Date Published: June 29, 2017
Publisher: Public Library of Science
Author(s): Jason Chan, David R. Mack, Douglas G. Manuel, Nassim Mojaverian, Joseph de Nanassy, Eric I. Benchimol, Neil R. Smalheiser.
Celiac disease (CD) is a common pediatric illness, and awareness of gluten-related disorders including CD is growing. Health administrative data represents a unique opportunity to conduct population-based surveillance of this chronic condition and assess the impact of caring for children with CD on the health system.
The objective of the study was to validate an algorithm based on health administrative data diagnostic codes to accurately identify children with biopsy-proven CD. We also evaluated trends over time in the use of health services related to CD by children in Ontario, Canada.
We conducted a retrospective cohort study and validation study of population-based health administrative data in Ontario, Canada. All cases of biopsy-proven CD diagnosed 2005–2011 in Ottawa were identified through chart review from a large pediatric health care center, and linked to the Ontario health administrative data to serve as positive reference standard. All other children living within Ottawa served as the negative reference standard. Case-identifying algorithms based on outpatient physician visits with associated ICD-9 code for CD plus endoscopy billing code were constructed and tested. Sensitivity, specificity, PPV and NPV were tested for each algorithm (with 95% CI). Poisson regression, adjusting for sex and age at diagnosis, was used to explore the trend in outpatient visits associated with a CD diagnostic code from 1995–2011.
The best algorithm to identify CD consisted of an endoscopy billing claim follow by 1 or more adult or pediatric gastroenterologist encounters after the endoscopic procedure. The sensitivity, specificity, PPV, and NPV for the algorithm were: 70.4% (95% CI 61.1–78.4%), >99.9% (95% CI >99.9->99.9%), 53.3% (95% CI 45.1–61.4%) and >99.9% (95% CI >99.9->99.9%) respectively. It identified 1289 suspected CD cases from Ontario-wide administrative data. There was a 9% annual increase in the use of this combination of CD-associated diagnostic codes in physician billing data (RR 1.09, 95% CI 1.07–1.10, P<0.001). With its current structure and variables Ontario health administrative data is not suitable in identifying incident pediatric CD cases. The tested algorithms suffer from poor sensitivity and/or poor PPV, which increase the risk of case misclassification that could lead to biased estimation of CD incidence rate. This study reinforced the importance of validating the codes used to identify cohorts or outcomes when conducting research using health administrative data.
Celiac disease (CD) is an autoimmune condition characterized by enteropathy resulting from exposure and immune response to gluten, a protein commonly found in wheat, rye, and barley.[1, 2] Once considered a rare disease, CD is now regarded as one of the most common autoimmune disorders, with an estimated prevalence of 1–3% in the overall population and 0.3 to 1.0% among the pediatric population.[3–6] Most studies of the epidemiology of CD were conducted in Europe, with incidence estimated between 2 and 54 cases per 100,000 patient-years (PY).[7–10]
The current study evaluated the feasibility of using health administrative data to capture children with biopsy-proven CD, and explored the trends in the use of CD diagnostic codes in these data over the past two decades in Ontario. Our findings demonstrated that Ontario health administrative data is suboptimal for accurate classification of biopsy-proven CD among children, at least with currently available data structure comprising mostly outpatient physician bill coding and hospitalization data. All of the algorithms derived in the study suffered from low sensitivity, and/or low PPV. We applied two of the test algorithms to the Ontario health administrative data to illustrate the effect of using algorithms for incidence rate estimation.
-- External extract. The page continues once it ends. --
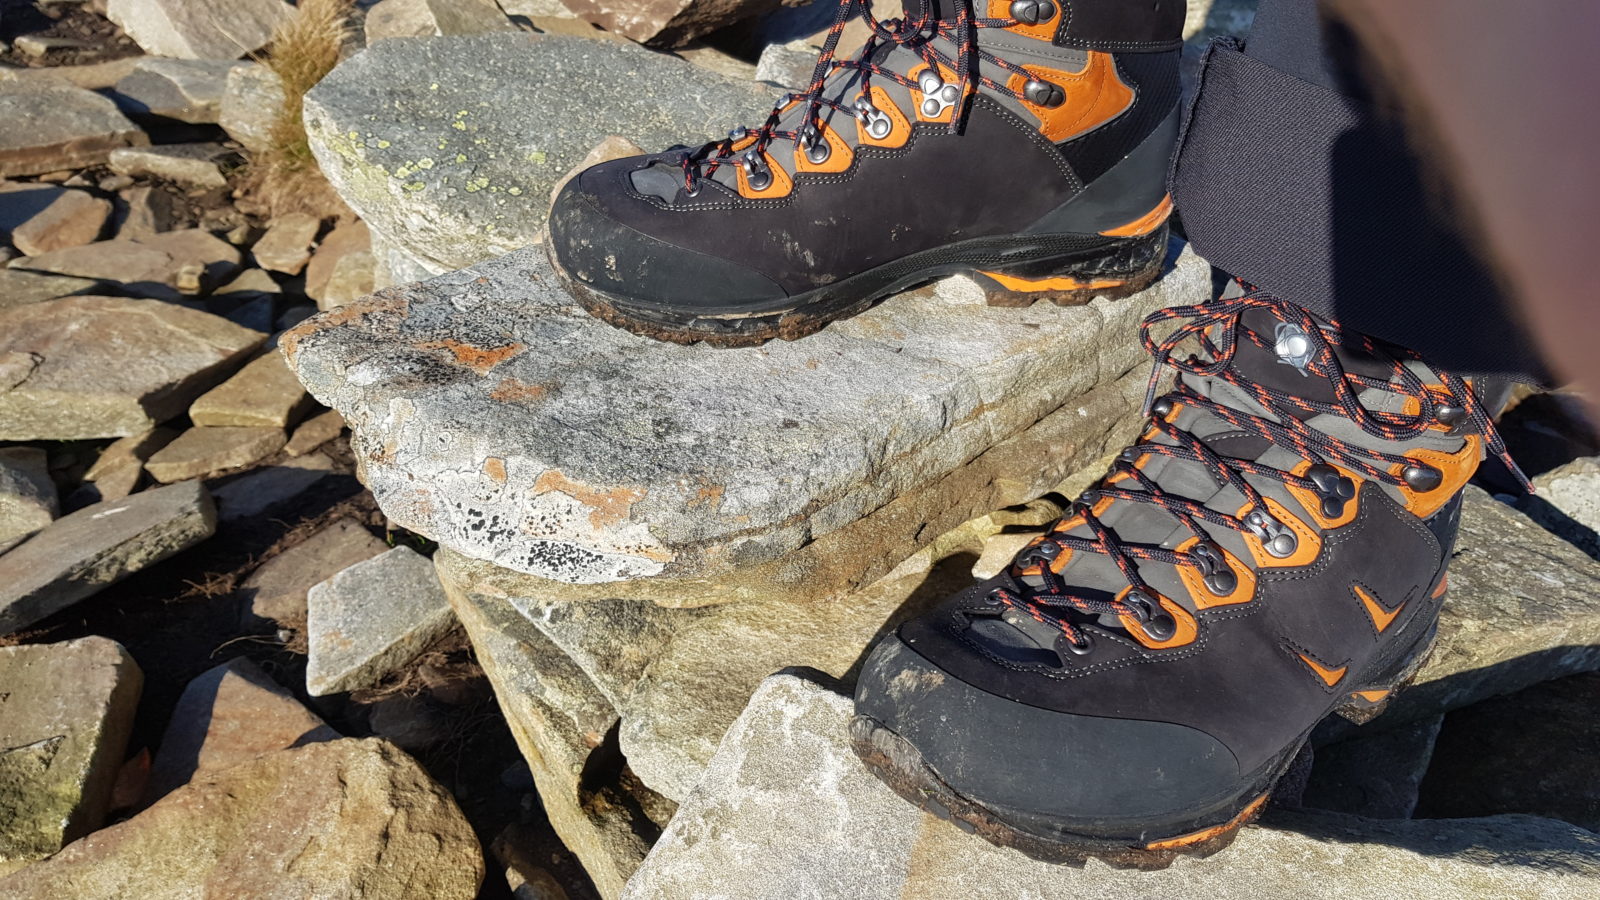 output fenomeen Geslaagd Lowa Camino GTX review - The Best Trekking Boots I've Ever Owned

The OHIP-based and SDS-based algorithms, differing by the source of their endoscopy procedural code, both detected an increased trend in health services use associated with CD diagnostic code during the study time period. This likely reflects increased health services utilization for CD and gluten-related disorders. However, due to the suboptimal accuracy of the two algorithms, we cannot make firm conclusions regarding the trends in pediatric CD incidence over the past two decades in Canada.
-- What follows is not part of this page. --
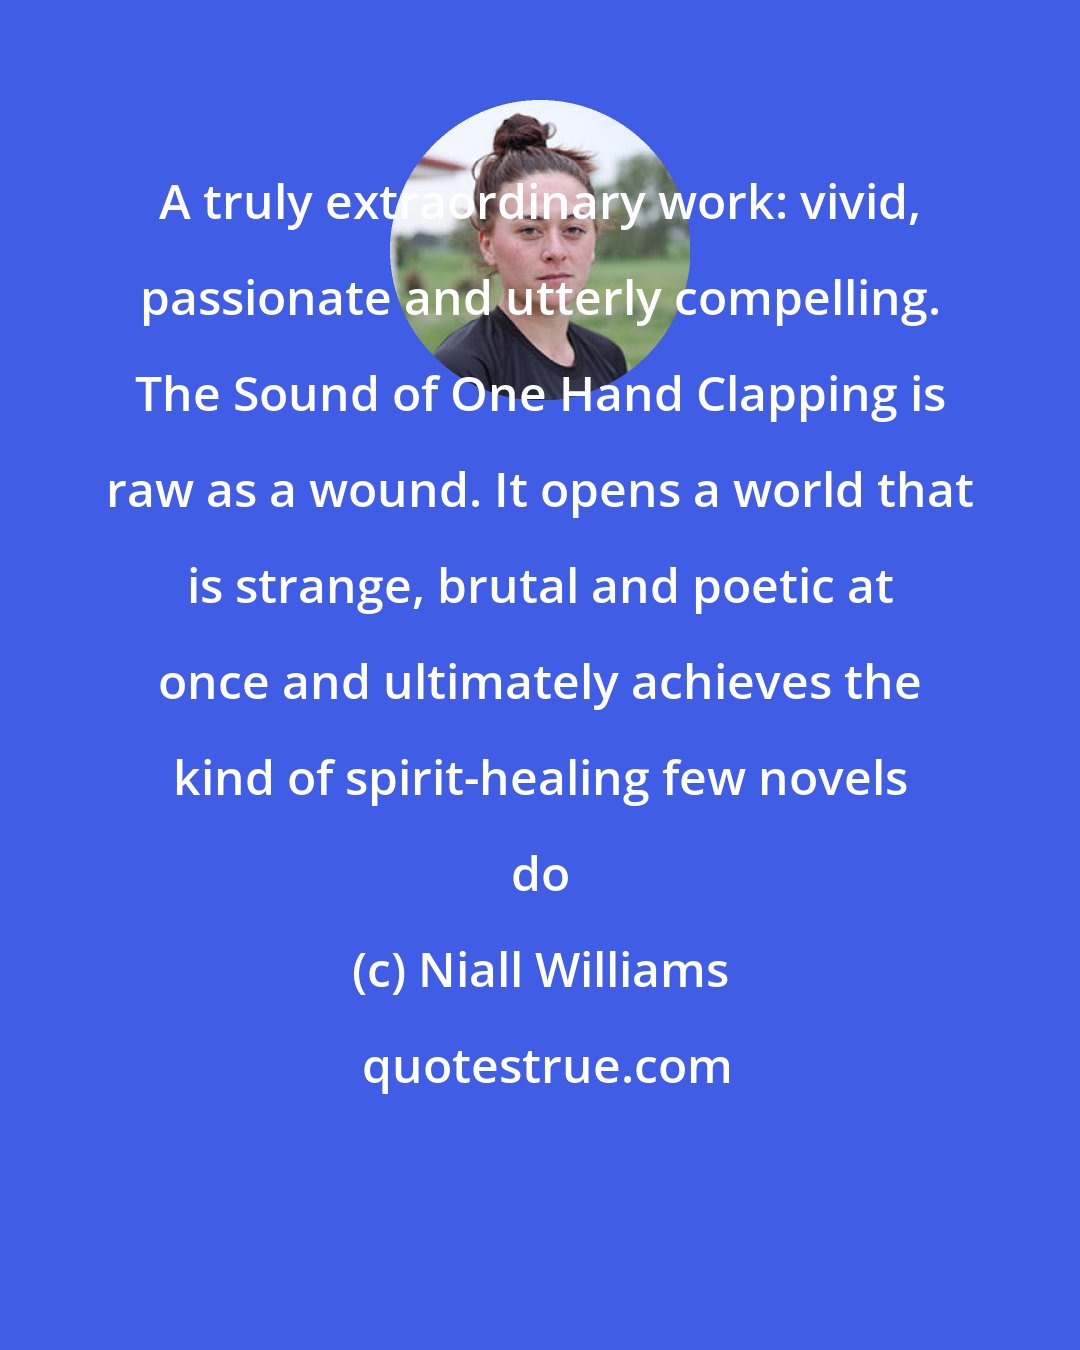 Niall Williams: A truly extraordinary work: vivid, passionate and utterly compelling. The Sound of One Hand Clapping is raw as a wound. It opens a world that is strange, brutal and poetic at once and ultimately achieves the kind of spirit-healing few novels do

In summary, the algorithms derived to identify children with biopsy-proven CD from within Ontario health administrative data demonstrated suboptimal performance. However, there was a clear and significant increase in the use of CD diagnostic codes by Ontario physicians. This study demonstrated the limitations of using health administrative data to derive a cohort of children with CD. Not all diseases can be accurately identified using health administrative data codes. Our study emphasizes the importance of evaluating the accuracy and completeness of codes/algorithms used to identify patients from within health administrative data in order to reduce error potentially resulting in misclassification bias.